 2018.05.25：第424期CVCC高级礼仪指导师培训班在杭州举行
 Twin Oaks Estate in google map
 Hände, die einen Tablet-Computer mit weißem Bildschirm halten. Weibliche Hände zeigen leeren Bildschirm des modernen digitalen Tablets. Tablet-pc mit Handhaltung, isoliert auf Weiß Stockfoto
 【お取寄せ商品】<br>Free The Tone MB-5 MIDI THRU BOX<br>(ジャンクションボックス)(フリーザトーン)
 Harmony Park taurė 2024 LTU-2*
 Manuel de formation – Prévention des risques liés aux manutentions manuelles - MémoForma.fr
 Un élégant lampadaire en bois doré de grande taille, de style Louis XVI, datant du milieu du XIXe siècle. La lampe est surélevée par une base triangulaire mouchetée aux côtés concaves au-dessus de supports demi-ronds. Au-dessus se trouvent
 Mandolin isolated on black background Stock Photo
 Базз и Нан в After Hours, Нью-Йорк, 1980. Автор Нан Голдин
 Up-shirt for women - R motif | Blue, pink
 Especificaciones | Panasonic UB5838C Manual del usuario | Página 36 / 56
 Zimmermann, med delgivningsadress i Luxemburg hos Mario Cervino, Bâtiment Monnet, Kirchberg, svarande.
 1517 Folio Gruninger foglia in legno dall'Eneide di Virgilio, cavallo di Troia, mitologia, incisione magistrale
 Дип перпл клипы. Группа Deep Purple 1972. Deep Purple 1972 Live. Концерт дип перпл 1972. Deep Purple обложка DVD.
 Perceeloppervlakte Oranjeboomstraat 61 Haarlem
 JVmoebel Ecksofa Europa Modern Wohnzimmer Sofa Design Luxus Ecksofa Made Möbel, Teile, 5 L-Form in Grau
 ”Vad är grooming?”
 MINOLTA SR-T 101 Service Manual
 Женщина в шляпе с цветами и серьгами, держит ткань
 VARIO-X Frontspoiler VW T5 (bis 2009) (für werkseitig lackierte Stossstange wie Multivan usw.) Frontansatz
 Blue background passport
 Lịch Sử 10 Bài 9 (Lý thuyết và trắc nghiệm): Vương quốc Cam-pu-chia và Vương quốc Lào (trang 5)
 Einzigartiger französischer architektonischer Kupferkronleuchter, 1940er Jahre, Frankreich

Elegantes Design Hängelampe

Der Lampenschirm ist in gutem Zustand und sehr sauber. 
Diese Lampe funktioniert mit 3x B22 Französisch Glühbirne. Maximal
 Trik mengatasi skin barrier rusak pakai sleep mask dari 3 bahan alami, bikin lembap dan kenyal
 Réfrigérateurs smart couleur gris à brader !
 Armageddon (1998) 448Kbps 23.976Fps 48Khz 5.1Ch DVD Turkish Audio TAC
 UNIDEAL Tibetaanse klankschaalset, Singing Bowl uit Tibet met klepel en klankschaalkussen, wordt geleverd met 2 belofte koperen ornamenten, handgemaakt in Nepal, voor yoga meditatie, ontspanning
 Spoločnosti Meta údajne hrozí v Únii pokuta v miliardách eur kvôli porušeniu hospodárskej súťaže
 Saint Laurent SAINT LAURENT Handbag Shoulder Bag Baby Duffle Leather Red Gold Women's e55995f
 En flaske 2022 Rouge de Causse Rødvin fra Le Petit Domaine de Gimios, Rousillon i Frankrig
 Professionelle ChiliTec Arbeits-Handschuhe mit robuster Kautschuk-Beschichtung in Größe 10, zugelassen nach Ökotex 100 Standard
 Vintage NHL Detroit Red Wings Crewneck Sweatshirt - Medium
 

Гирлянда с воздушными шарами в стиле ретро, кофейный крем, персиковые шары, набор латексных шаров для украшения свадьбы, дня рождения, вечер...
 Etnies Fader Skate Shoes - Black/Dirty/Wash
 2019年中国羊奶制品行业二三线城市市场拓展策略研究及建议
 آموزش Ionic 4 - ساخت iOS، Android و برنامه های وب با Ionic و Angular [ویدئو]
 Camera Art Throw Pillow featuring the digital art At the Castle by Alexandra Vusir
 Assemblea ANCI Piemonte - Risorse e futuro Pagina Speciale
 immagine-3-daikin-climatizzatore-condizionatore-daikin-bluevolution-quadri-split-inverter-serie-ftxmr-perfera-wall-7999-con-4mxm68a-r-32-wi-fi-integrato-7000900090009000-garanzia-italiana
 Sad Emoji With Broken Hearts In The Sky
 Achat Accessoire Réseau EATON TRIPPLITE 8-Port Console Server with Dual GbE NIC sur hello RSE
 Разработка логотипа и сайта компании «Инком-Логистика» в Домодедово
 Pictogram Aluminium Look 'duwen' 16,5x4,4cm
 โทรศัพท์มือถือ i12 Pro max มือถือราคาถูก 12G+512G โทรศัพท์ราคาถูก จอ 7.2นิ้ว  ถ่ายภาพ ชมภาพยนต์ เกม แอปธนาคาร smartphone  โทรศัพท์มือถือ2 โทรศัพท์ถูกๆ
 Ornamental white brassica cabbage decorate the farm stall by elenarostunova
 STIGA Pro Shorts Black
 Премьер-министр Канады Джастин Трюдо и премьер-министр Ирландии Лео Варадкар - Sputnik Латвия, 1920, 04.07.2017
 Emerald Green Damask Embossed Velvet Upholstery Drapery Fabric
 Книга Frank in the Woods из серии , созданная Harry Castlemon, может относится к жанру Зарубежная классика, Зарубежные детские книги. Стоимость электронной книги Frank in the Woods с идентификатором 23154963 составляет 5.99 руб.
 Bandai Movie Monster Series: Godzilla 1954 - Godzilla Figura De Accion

● DIRECTIONS: Retype, exactly as written, each line from the one that has "Emerald Green Damask" to the bottom of the entries above, and include both of those lines.

● SOLUTION TO THE PROBLEM:
 Emerald Green Damask Embossed Velvet Upholstery Drapery Fabric
 Книга Frank in the Woods из серии , созданная Harry Castlemon, может относится к жанру Зарубежная классика, Зарубежные детские книги. Стоимость электронной книги Frank in the Woods с идентификатором 23154963 составляет 5.99 руб.
 Bandai Movie Monster Series: Godzilla 1954 - Godzilla Figura De Accion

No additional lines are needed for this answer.